↓

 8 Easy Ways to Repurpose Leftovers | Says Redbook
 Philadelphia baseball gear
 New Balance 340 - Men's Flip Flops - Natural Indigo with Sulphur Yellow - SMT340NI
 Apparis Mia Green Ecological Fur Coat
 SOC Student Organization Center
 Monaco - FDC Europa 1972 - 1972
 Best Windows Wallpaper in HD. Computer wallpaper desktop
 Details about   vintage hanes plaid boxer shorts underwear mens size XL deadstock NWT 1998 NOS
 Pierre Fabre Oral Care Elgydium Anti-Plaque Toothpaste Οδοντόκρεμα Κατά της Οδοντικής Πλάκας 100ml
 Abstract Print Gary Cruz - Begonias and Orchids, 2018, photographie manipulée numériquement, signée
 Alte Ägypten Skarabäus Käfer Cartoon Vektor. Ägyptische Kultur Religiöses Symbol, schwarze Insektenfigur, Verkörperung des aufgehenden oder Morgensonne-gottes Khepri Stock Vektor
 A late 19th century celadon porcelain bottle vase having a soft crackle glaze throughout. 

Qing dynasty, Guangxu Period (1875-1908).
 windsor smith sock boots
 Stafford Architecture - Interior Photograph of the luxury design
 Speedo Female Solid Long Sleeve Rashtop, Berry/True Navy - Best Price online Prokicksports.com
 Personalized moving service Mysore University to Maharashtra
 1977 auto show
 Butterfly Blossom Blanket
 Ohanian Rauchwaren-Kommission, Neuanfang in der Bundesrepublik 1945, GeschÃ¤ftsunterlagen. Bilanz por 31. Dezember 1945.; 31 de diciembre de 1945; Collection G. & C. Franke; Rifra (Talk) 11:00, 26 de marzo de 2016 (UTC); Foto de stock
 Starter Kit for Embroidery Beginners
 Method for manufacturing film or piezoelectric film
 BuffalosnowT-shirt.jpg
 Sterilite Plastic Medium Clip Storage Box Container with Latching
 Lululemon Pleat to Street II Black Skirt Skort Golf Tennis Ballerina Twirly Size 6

↑

» Exercise requirements
Having read the material, transcribe all of it exactly.

» Task response
 8 Easy Ways to Repurpose Leftovers | Says Redbook
 Philadelphia baseball gear
 New Balance 340 - Men's Flip Flops - Natural Indigo with Sulphur Yellow - SMT340NI
 Apparis Mia Green Ecological Fur Coat
 SOC Student Organization Center
 Monaco - FDC Europa 1972 - 1972
 Best Windows Wallpaper in HD. Computer wallpaper desktop
 Details about   vintage hanes plaid boxer shorts underwear mens size XL deadstock NWT 1998 NOS
 Pierre Fabre Oral Care Elgydium Anti-Plaque Toothpaste Οδοντόκρεμα Κατά της Οδοντικής Πλάκας 100ml
 Abstract Print Gary Cruz - Begonias and Orchids, 2018, photographie manipulée numériquement, signée
 Alte Ägypten Skarabäus Käfer Cartoon Vektor. Ägyptische Kultur Religiöses Symbol, schwarze Insektenfigur, Verkörperung des aufgehenden oder Morgensonne-gottes Khepri Stock Vektor
 A late 19th century celadon porcelain bottle vase having a soft crackle glaze throughout. 

Qing dynasty, Guangxu Period (1875-1908).
 windsor smith sock boots
 Stafford Architecture - Interior Photograph of the luxury design
 Speedo Female Solid Long Sleeve Rashtop, Berry/True Navy - Best Price online Prokicksports.com
 Personalized moving service Mysore University to Maharashtra
 1977 auto show
 Butterfly Blossom Blanket
 Ohanian Rauchwaren-Kommission, Neuanfang in der Bundesrepublik 1945, GeschÃ¤ftsunterlagen. Bilanz por 31. Dezember 1945.; 31 de diciembre de 1945; Collection G. & C. Franke; Rifra (Talk) 11:00, 26 de marzo de 2016 (UTC); Foto de stock
 Starter Kit for Embroidery Beginners
 Method for manufacturing film or piezoelectric film
 BuffalosnowT-shirt.jpg
 Sterilite Plastic Medium Clip Storage Box Container with Latching
 Lululemon Pleat to Street II Black Skirt Skort Golf Tennis Ballerina Twirly Size 6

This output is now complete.